• _EXERCISE AIM_:
Once the pictures are removed, return each record below exactly as written.

━━━━━━━━━━━━━━━━

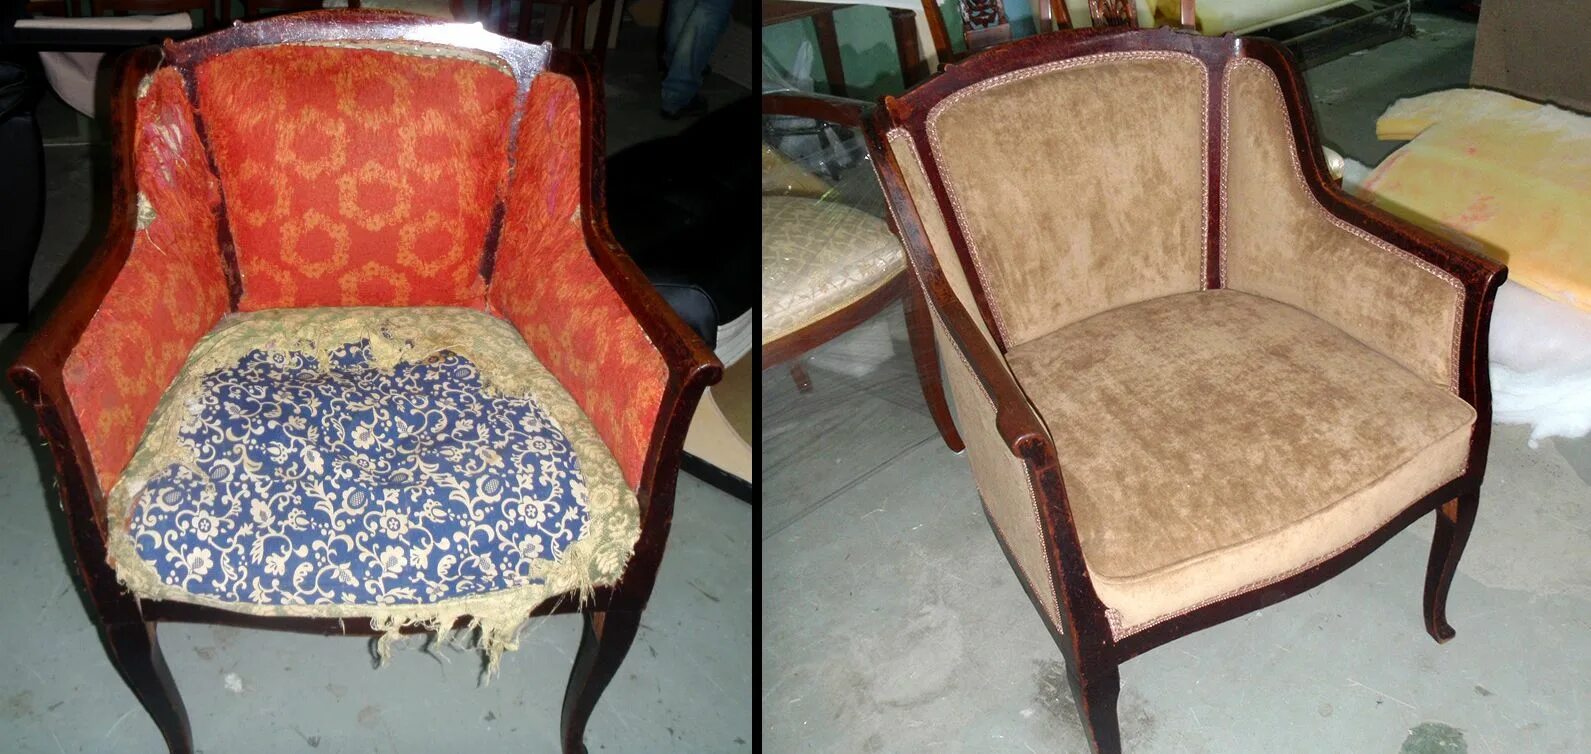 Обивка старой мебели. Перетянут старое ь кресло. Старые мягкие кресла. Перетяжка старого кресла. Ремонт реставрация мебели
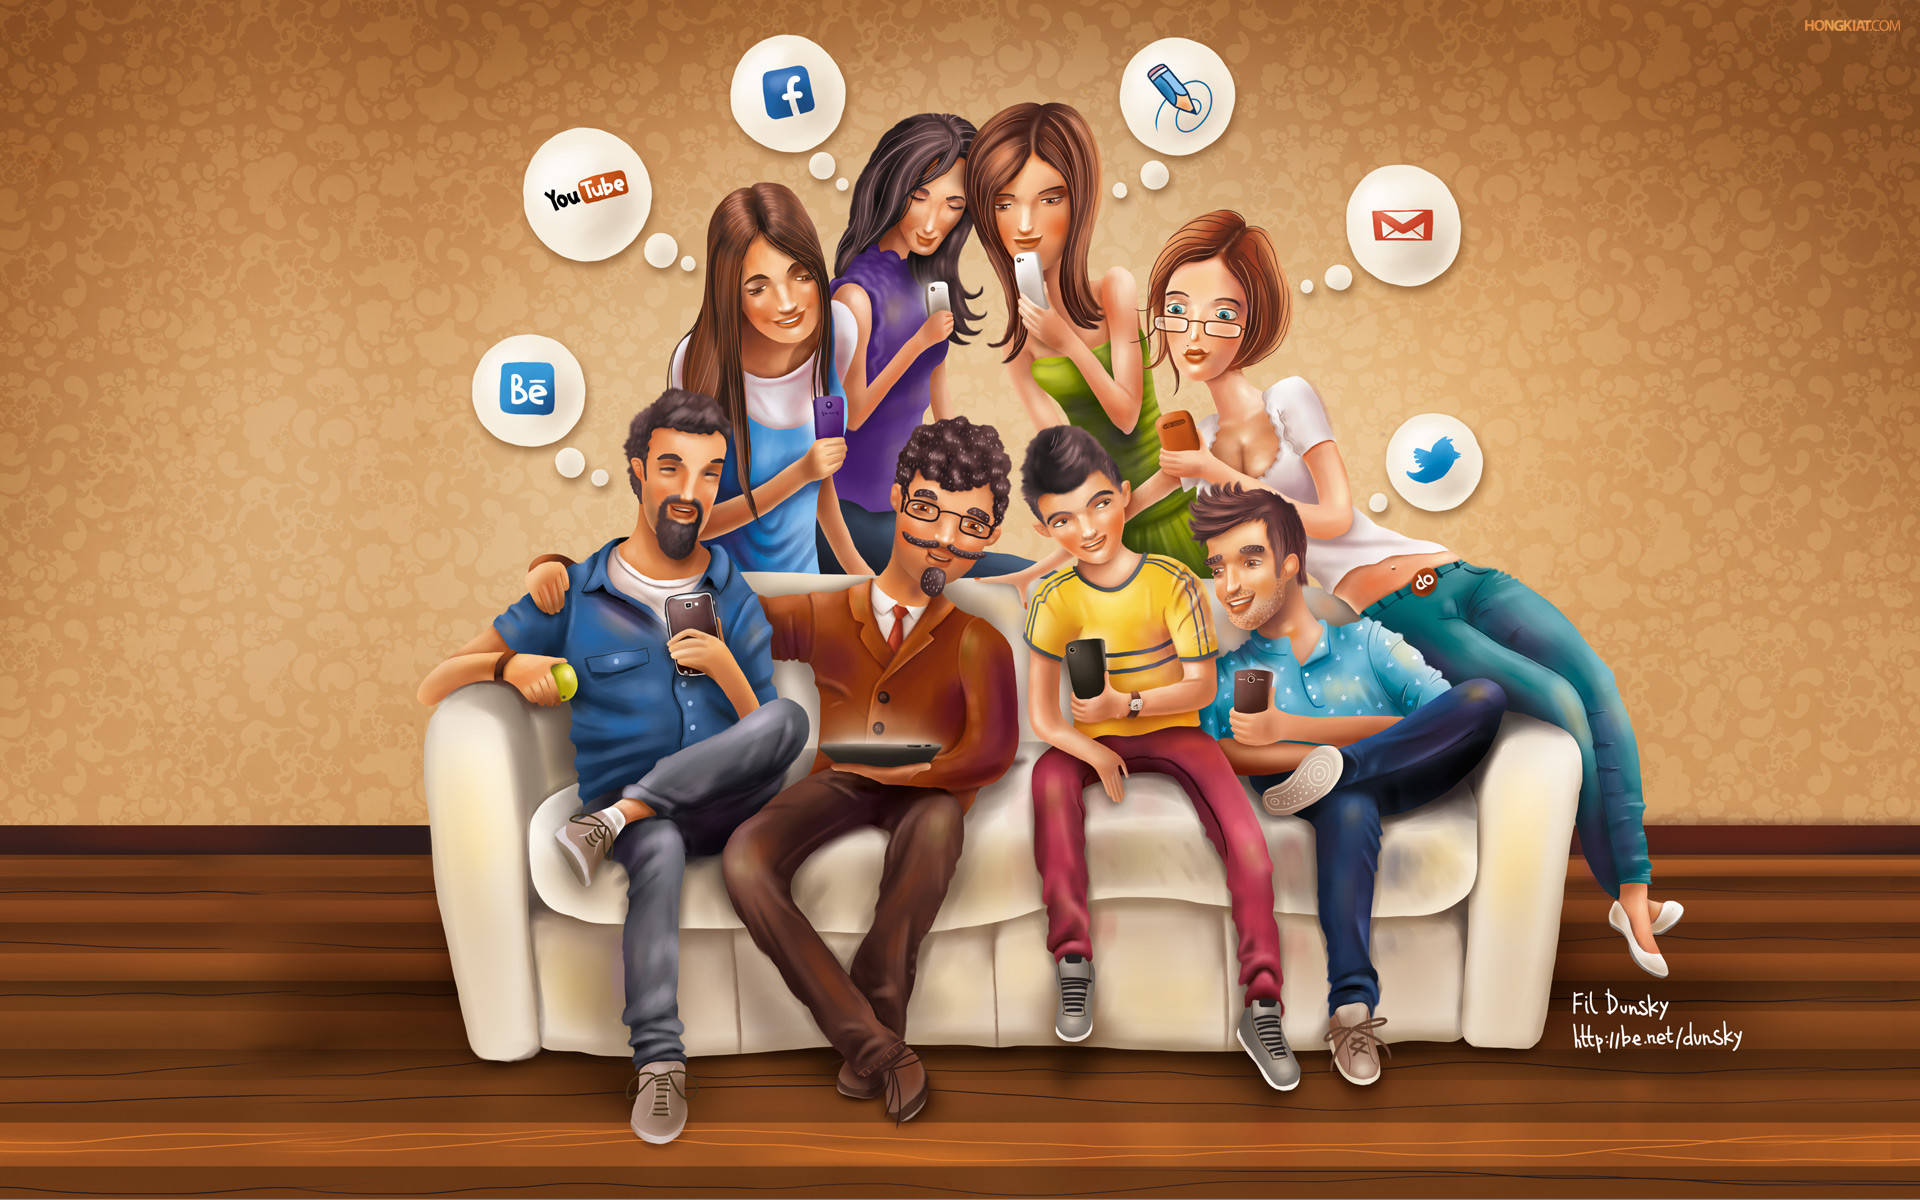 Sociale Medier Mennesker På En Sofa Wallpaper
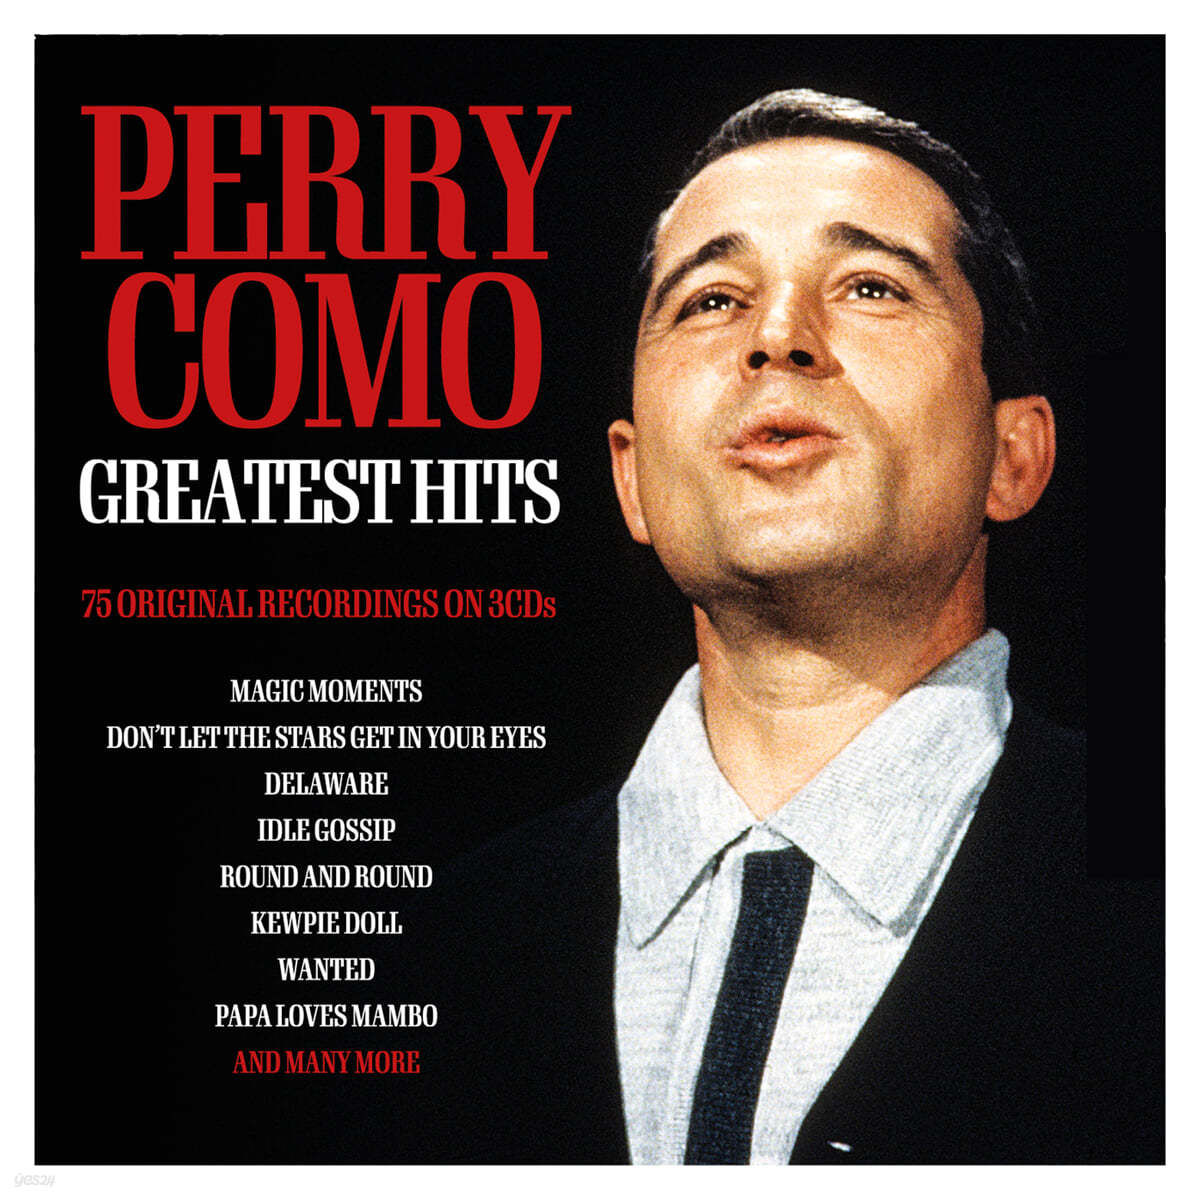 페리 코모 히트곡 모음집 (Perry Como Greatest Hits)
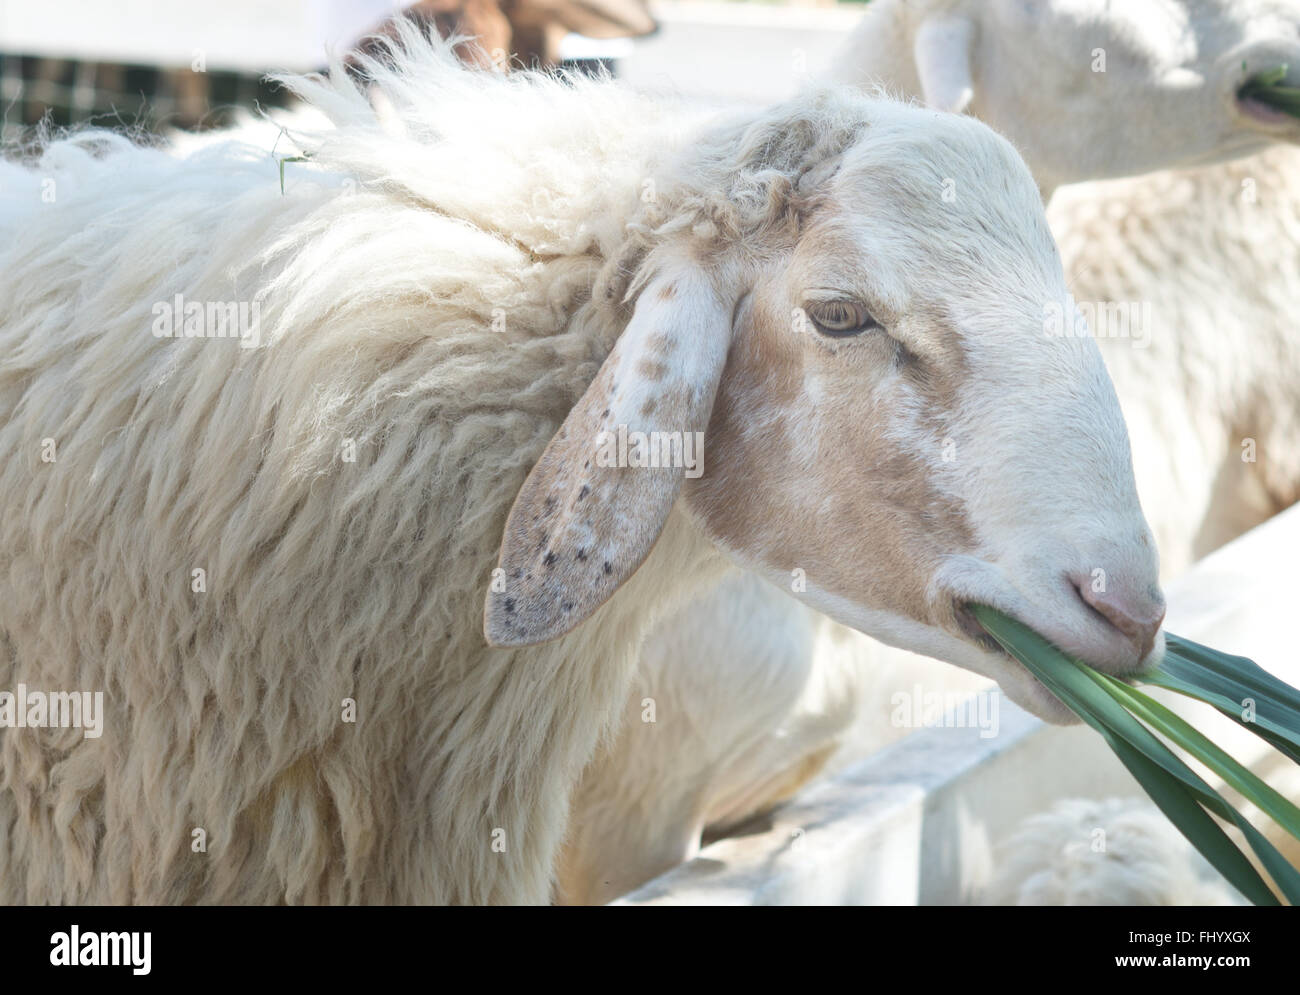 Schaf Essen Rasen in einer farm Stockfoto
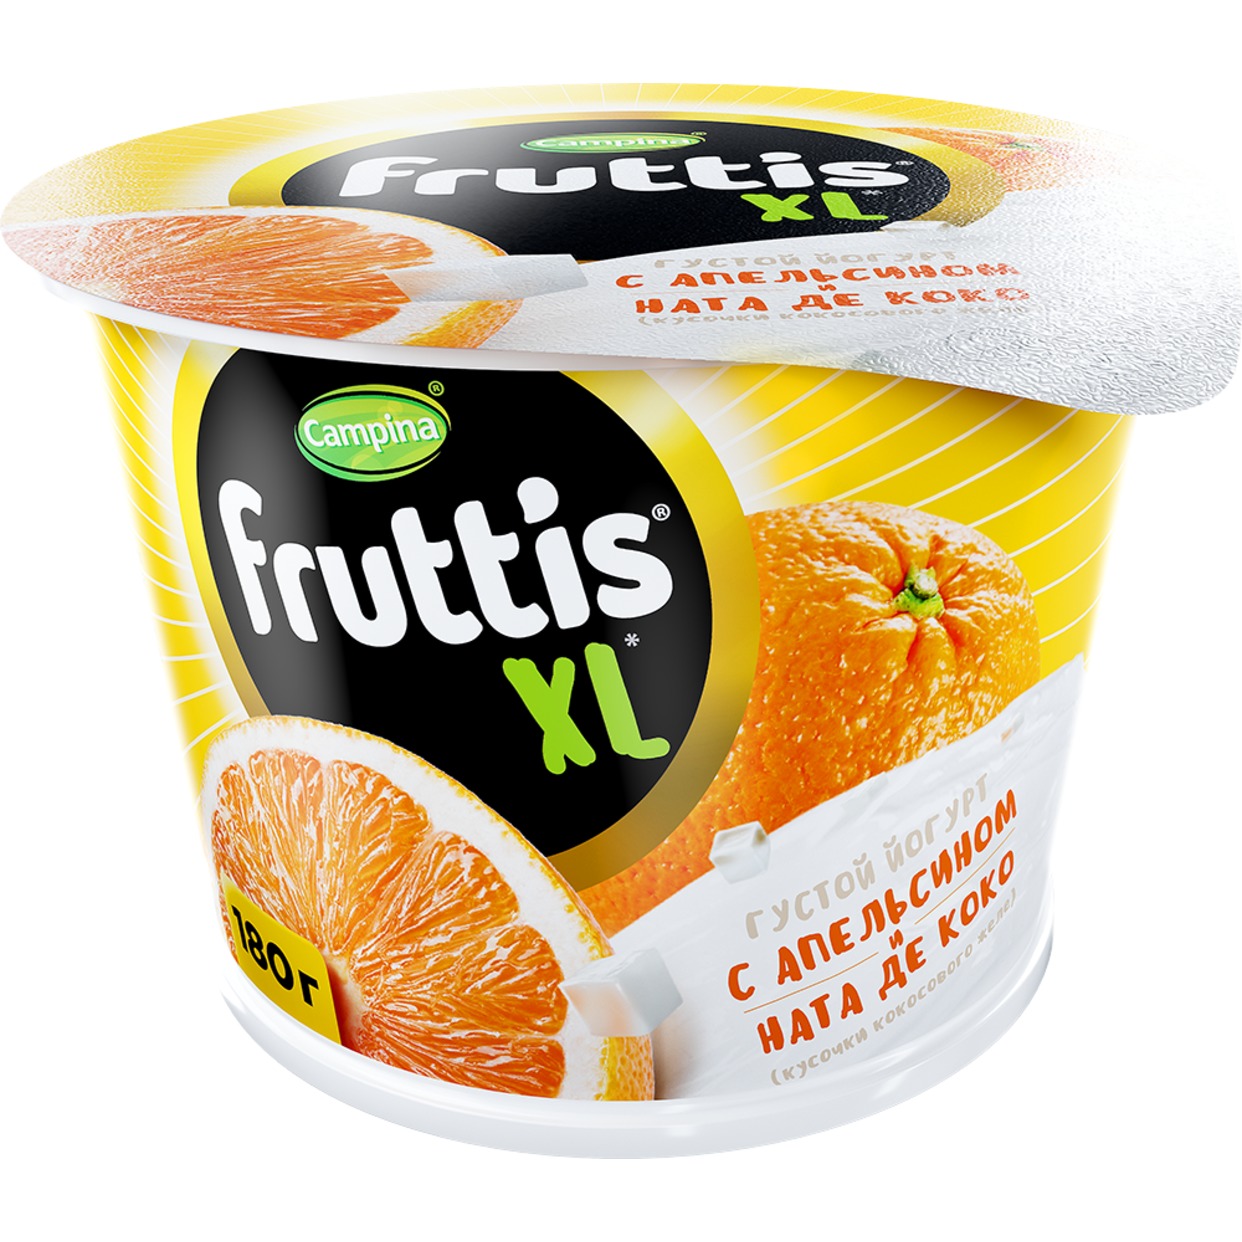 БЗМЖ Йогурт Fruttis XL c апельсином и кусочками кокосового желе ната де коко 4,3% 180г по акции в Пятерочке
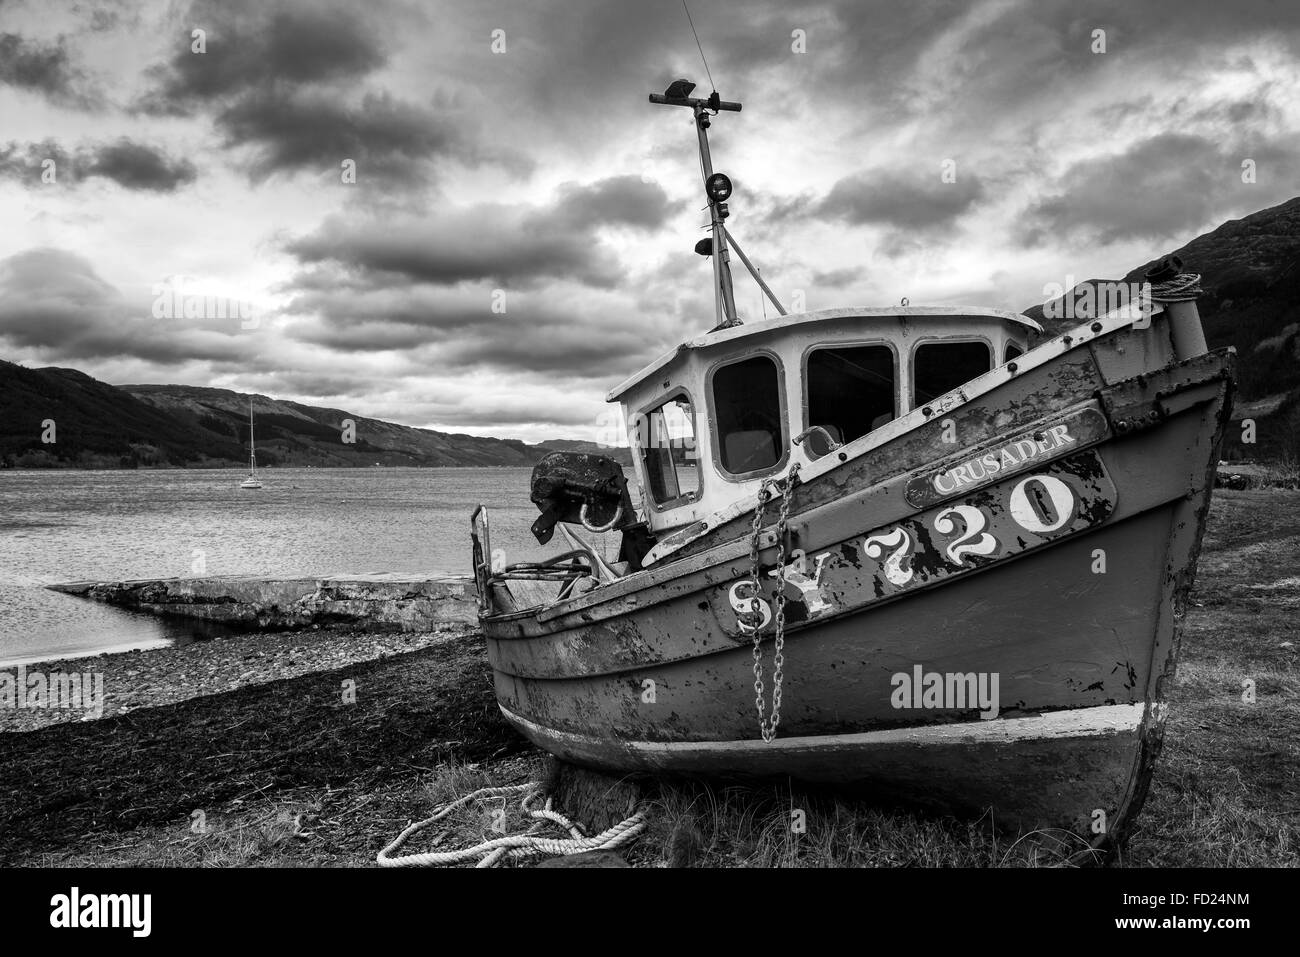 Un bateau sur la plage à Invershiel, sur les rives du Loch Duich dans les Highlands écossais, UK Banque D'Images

━━━━━━━━━━━━━━━━

• _SOLUTION_:
 Обивка старой мебели. Перетянут старое ь кресло. Старые мягкие кресла. Перетяжка старого кресла. Ремонт реставрация мебели
 Sociale Medier Mennesker På En Sofa Wallpaper
 페리 코모 히트곡 모음집 (Perry Como Greatest Hits)
 Schaf Essen Rasen in einer farm Stockfoto
 БЗМЖ Йогурт Fruttis XL c апельсином и кусочками кокосового желе ната де коко 4,3% 180г по акции в Пятерочке
 Un bateau sur la plage à Invershiel, sur les rives du Loch Duich dans les Highlands écossais, UK Banque D'Images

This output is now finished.